● **Data below**:
=====

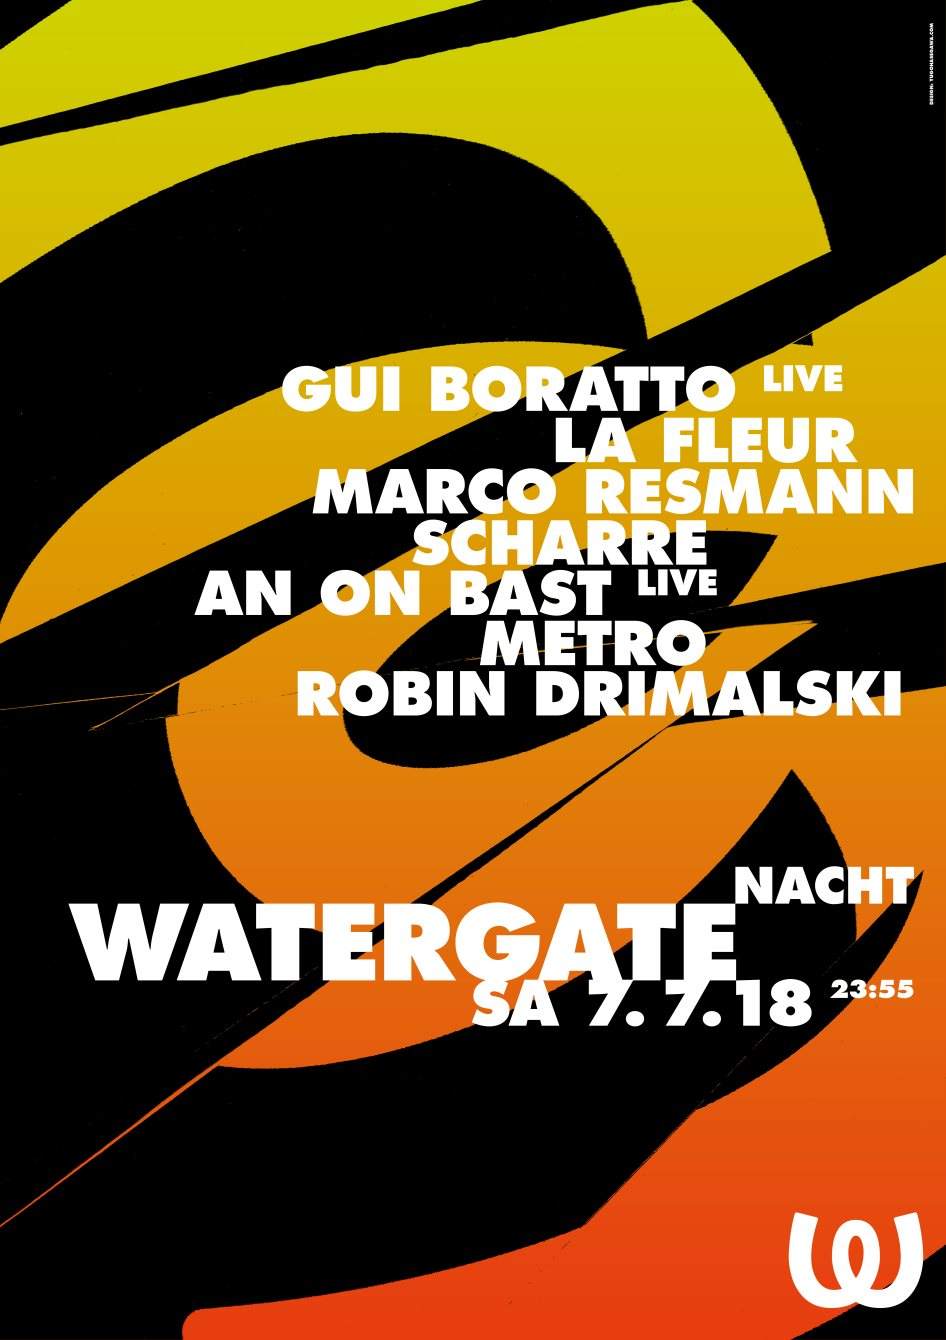 Watergate Nacht - フライヤー表
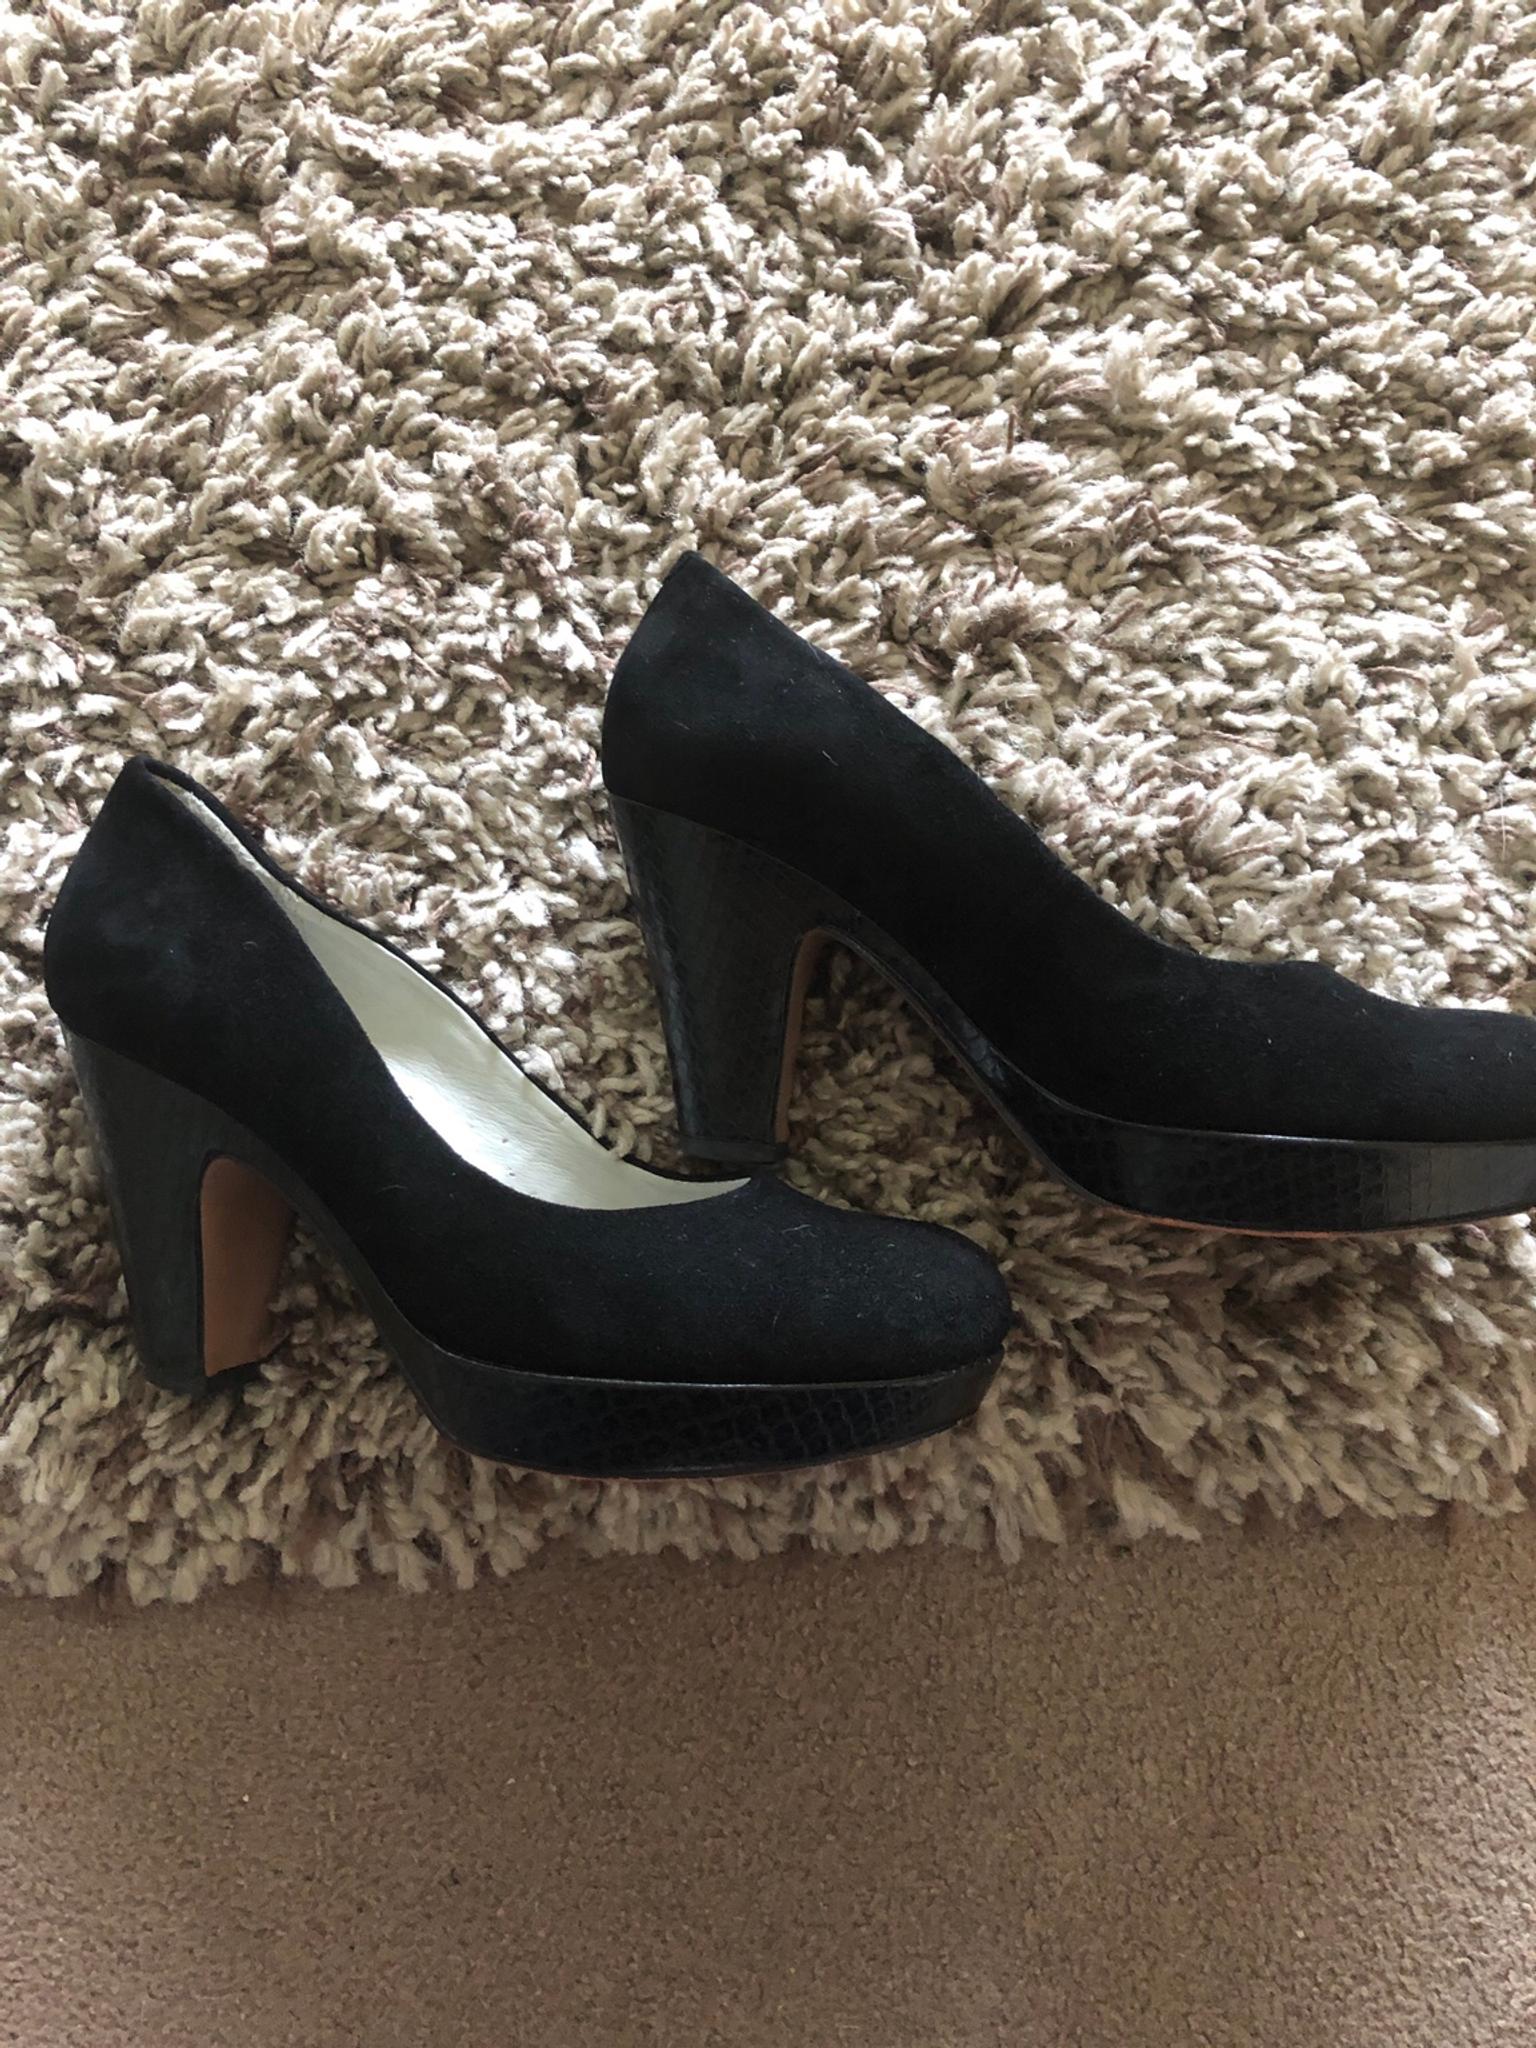 clarks ladies black shoes size 6
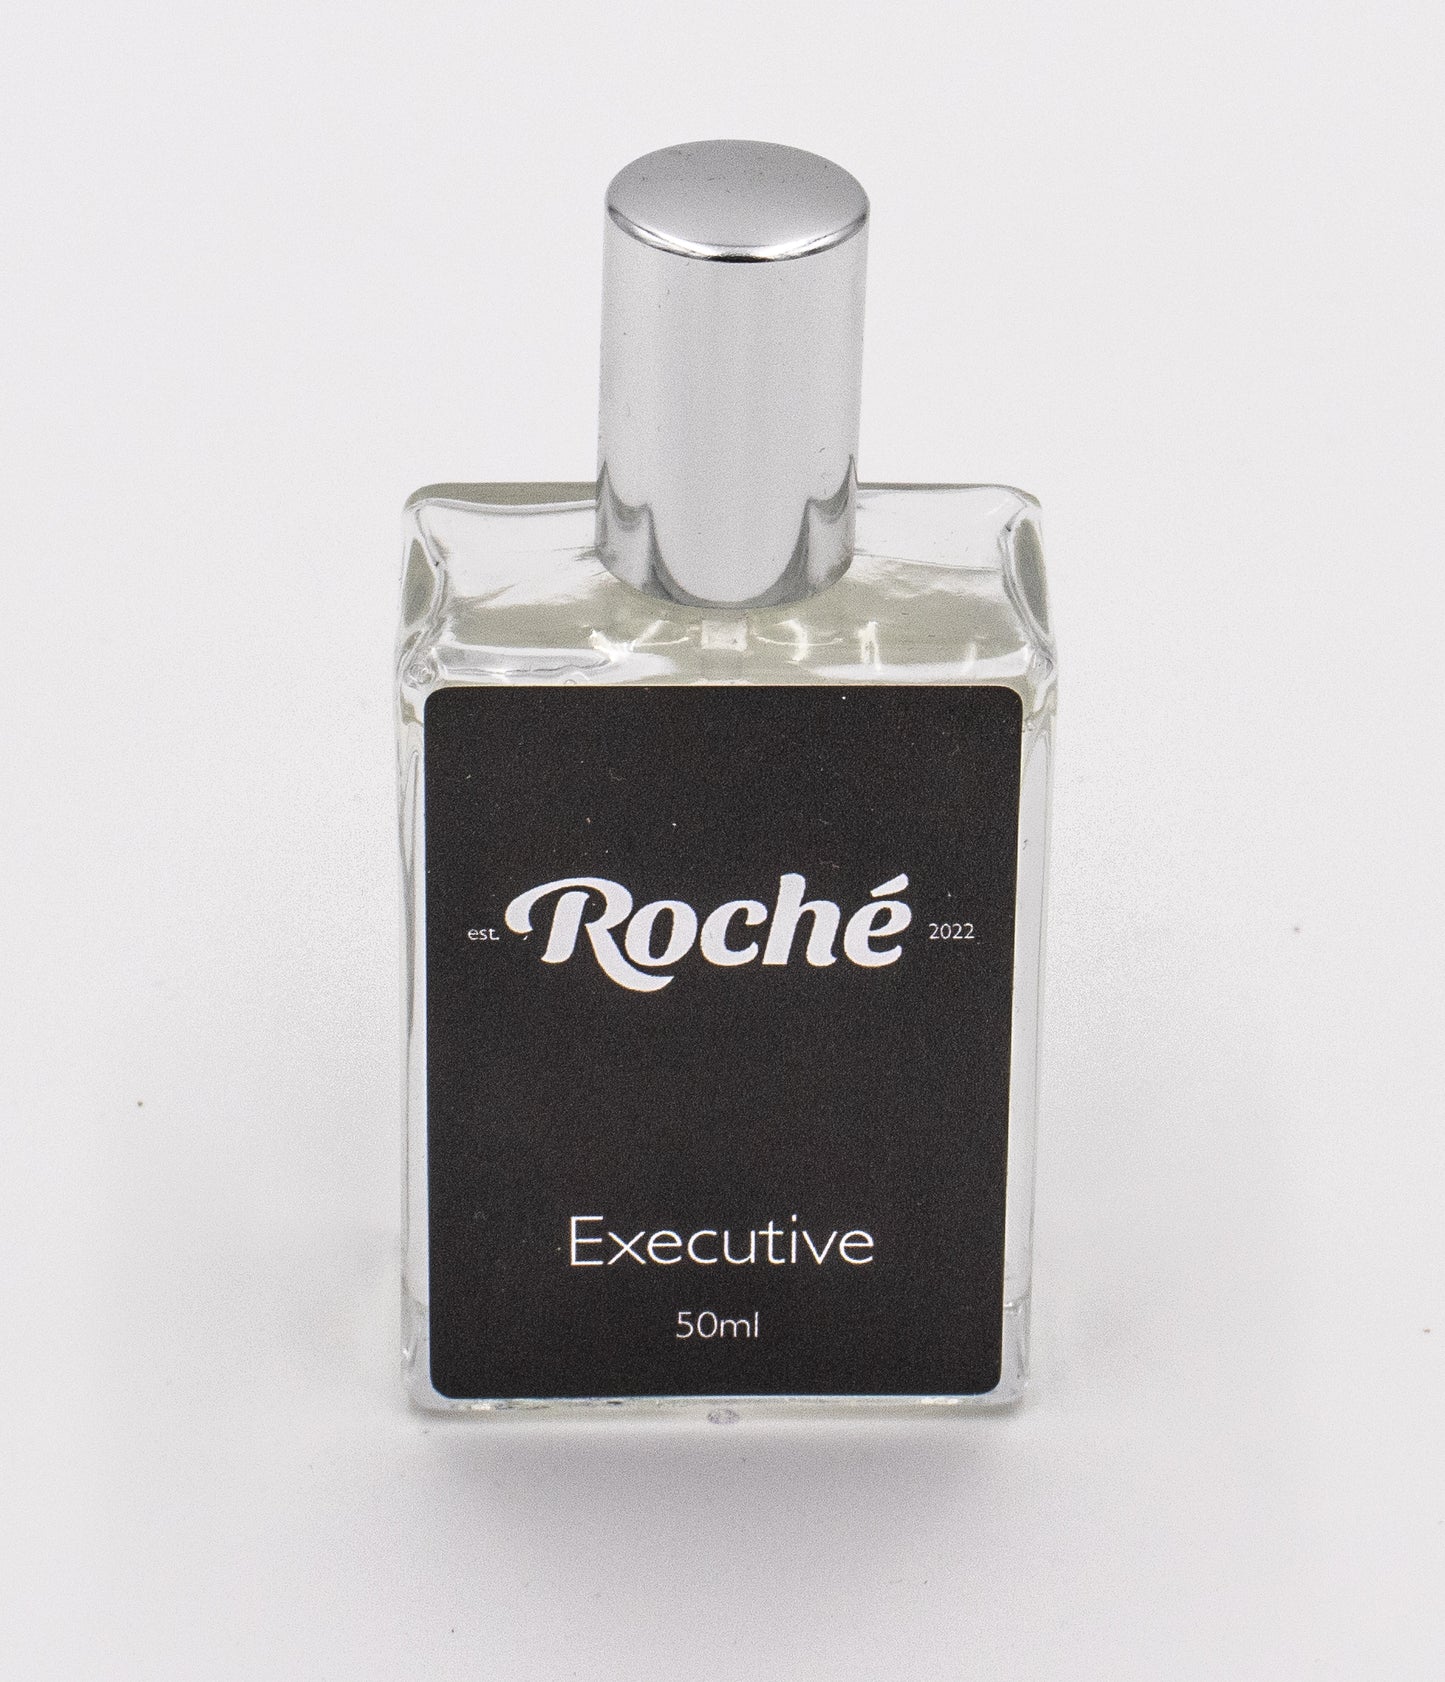 Executive EDP 50ml - Roché

=====

● **Exercise objective**: Please restate, word for word, the lines from the one with "clarks ladies black shoes size 6" through the final line of the material, both included, and omit the pictures.

● **Exercise answer**:
 clarks ladies black shoes size 6
 Executive EDP 50ml - Roché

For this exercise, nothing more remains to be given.